Tüy ve Kılıç

tuy-ve-kilic

8. İstanbul Bienali’nin adı “Şiirsel Adalet” olarak açıklandığında herkes biraz şaşırmıştır. Günümüz insanı için hemen kavranamayan hattâ tepkilere yol açan bir uyarı niteliğindeki “Şiirsel Adalet”i anlamak ve bu başlık altında sergilenen yapıtları görmek için Bienal mekânlarina kısa sürede sayısız izleyici akın etti. Bienal’in küratörü Dan Cameron İstanbul için bu projeyi yaşama geçirirken, çok yetenekli bir organizatör olarak, yeryüzünden silinmiş olan adaleti ve insanlarin kendi elleriyle yok ettikleri en önemli iç ve diş yaşamsal yasamızı sanat aracılığıyla insanlığın gündemine taşıyarak, içinde yaşadığımız kıyamet sürecinde insanlara sanat diliyle bir yol açma gösterme işaretleme gibi bir misyonu üstlenmişti. Dünyanın her yerinden Bienal’e katılacak olan sanatçıların bu konu doğrultusunda işler yapmaları ve sanat nesnesi üretmeleri küratörleri tarafından kendilerine verilmişti.
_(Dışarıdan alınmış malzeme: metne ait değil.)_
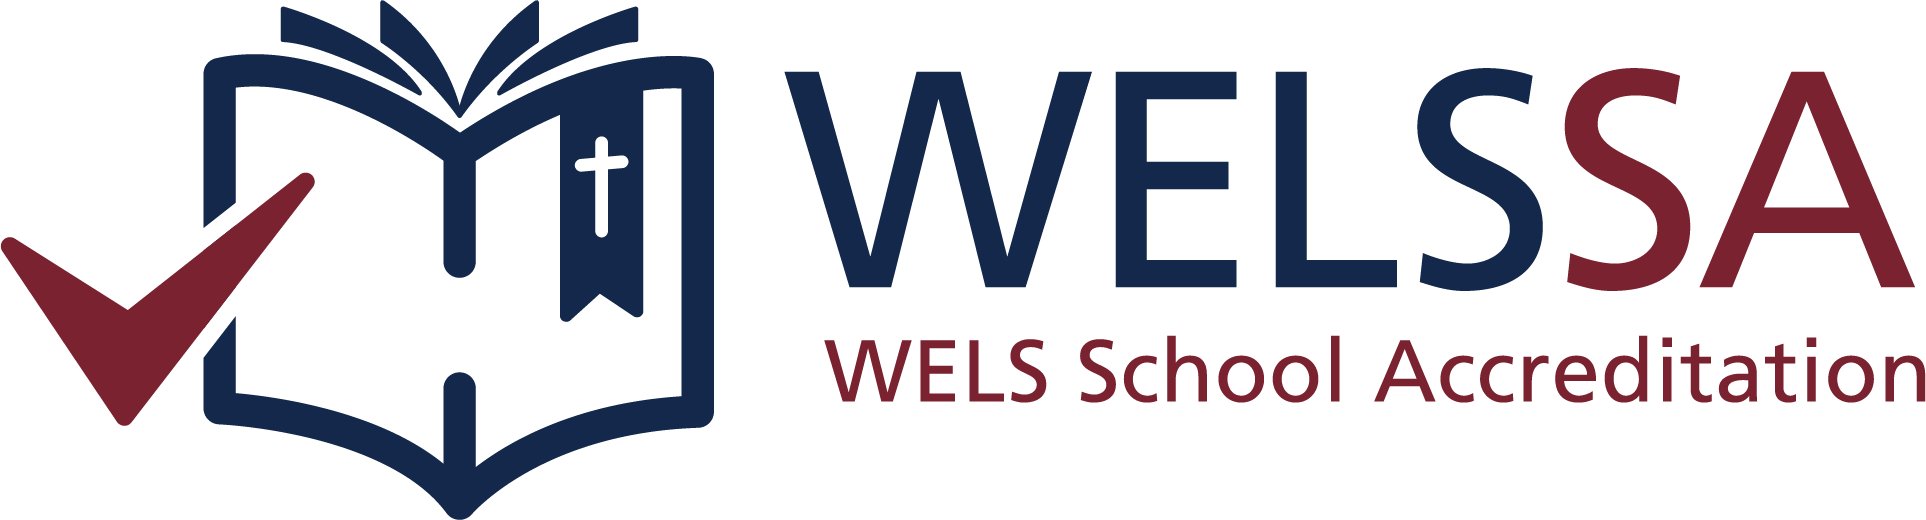 WELS School Accreditation

Ancak buradaki amaç; konu verilen sanatçının temayı birebir işlemesi değil, bu kavramlar doğrultusunda yapıtını planlamasıydı. Sanatçı kendisine verilen konuyu istediği dozda yapıtına yerleştirir ya da yerleştirmezdi. Sanatsal imge, yeni çağın başlarında böyle bir sanat etkinliğinde misyonunu üstleniyordu: yüzyıllar boyunca dünyadan silinen adalet kavramını, sanat ve yaratıcılık aracılığıyla bir kez daha vurucu bir biçimde toplumun gündemine taşımak.
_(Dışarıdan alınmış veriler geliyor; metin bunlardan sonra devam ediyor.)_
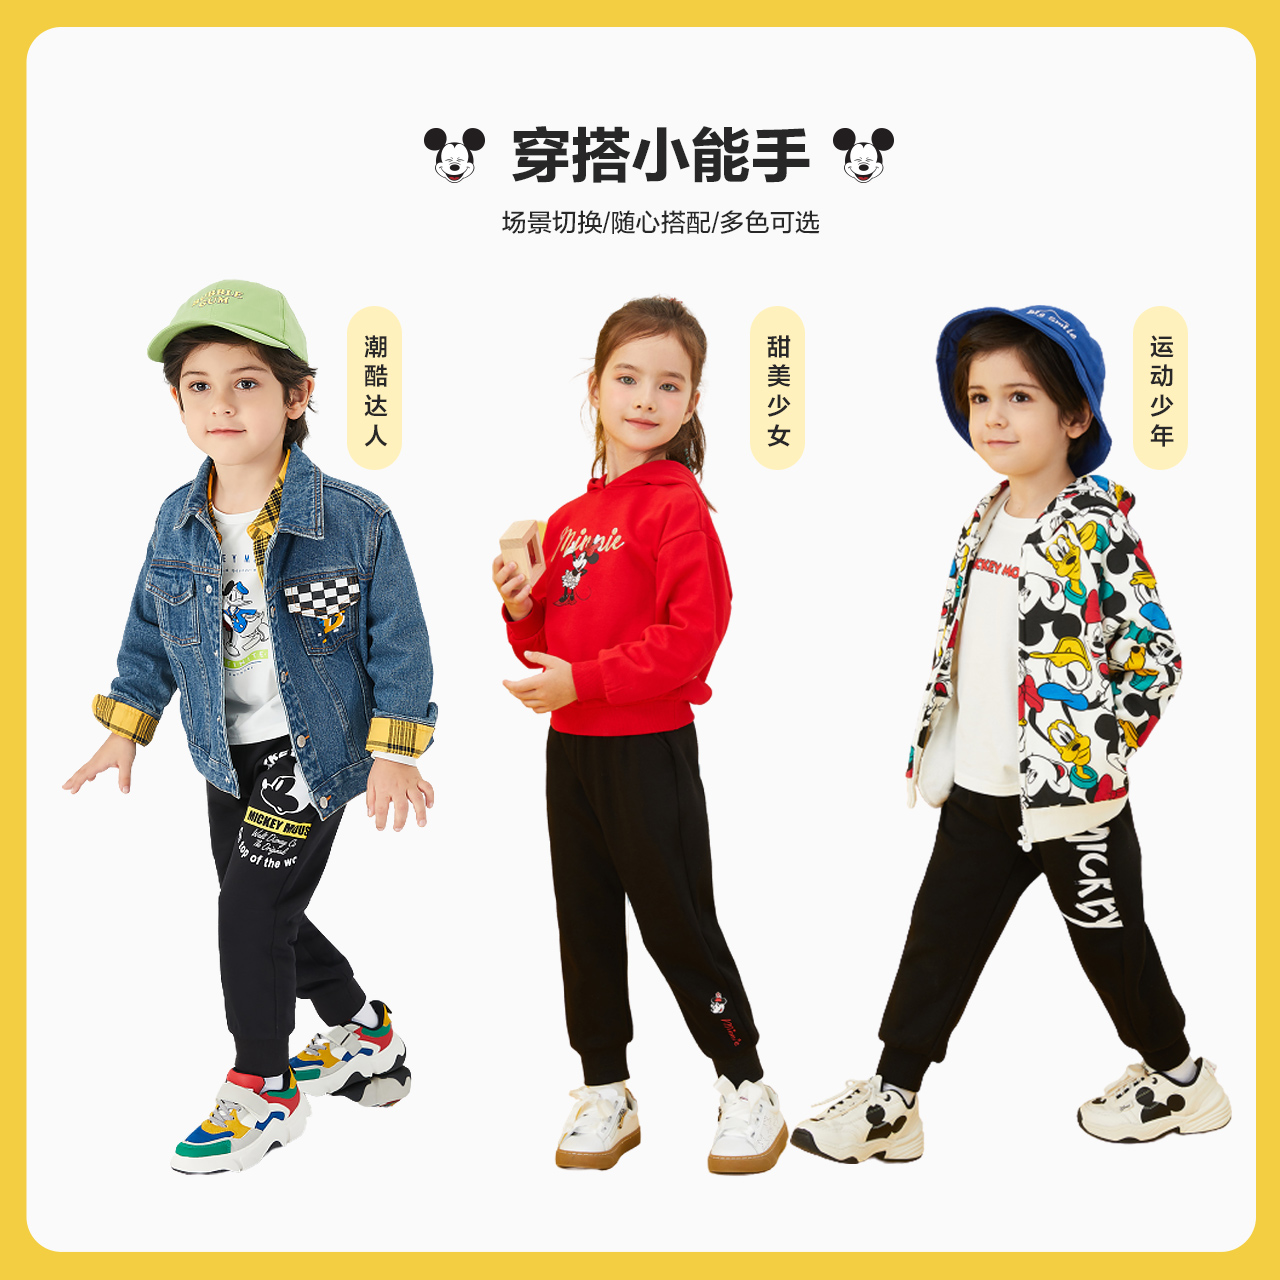 Disney baby 迪士尼 儿童针织运动长裤 天猫优惠券折后¥59包邮(¥99-40) 男、女童90~140cm常规款/加绒款多色可选

İstanbul Bienali‘nde sergilenen yapıtların doğrudan adalet kavramıyla pek ilişkisi gözükmüyordu ancak “yaratıcı akt”, güzele ulaşmak için öncelikle ve her zaman tarih boyunca da bu böyle oldu mutlak ve değişmez bir biçimde adalet gibi saf ve güçlü bir kavramın içinden geçmek zorundadır. Bu bağlamda varoluş boyutlarında, güneş sistemimizin galaksiler, zodyaklar ve dünyada doğal bir biçimde bulunan adalet ki insanoğlunun 2000 yıl boyunca sistematik bir biçimde yok ettiği yaratıcı edim sayesinde yeniden bu denli güçlü bir biçimde gündeme gelmiş olacaktır. Böylece yeryüzünden silinmiş olan adalete bir tepki niteliği taşıyan şiirsel adalet, insanoğlunun sürekli olarak yanlış algıladığı değerleri de gündeme getirmeyi amaçlamış bulunuyordu.
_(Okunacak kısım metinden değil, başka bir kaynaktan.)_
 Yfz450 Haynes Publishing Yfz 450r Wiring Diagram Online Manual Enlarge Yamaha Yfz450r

Eylül ayı İstanbullularla Bienal çerçevesinde yüksek etik-estetik bir şölen sundu. Bienal’de yer alan “Cehennem Merdiveni” adlı metalik yerleştirmeden yukarıya çıkmak için sıraya girmiş bekleyen sanat izleyicisine bu yapıt, yaşamımızdaki cehennemden belki de son kez çıkmakta olduğumuzu bize anımsatmak istiyordu. Modernist süreçlerin yenik insanına bu kavramı anımsatmanın zamanlaması ise çok iyi seçilmişti ve zamanlama Hegel’in “Sanat Dini” ve ilahi adalet tarafından yani şiirsel adalet tarafından kendiliğinden belirlenmişti.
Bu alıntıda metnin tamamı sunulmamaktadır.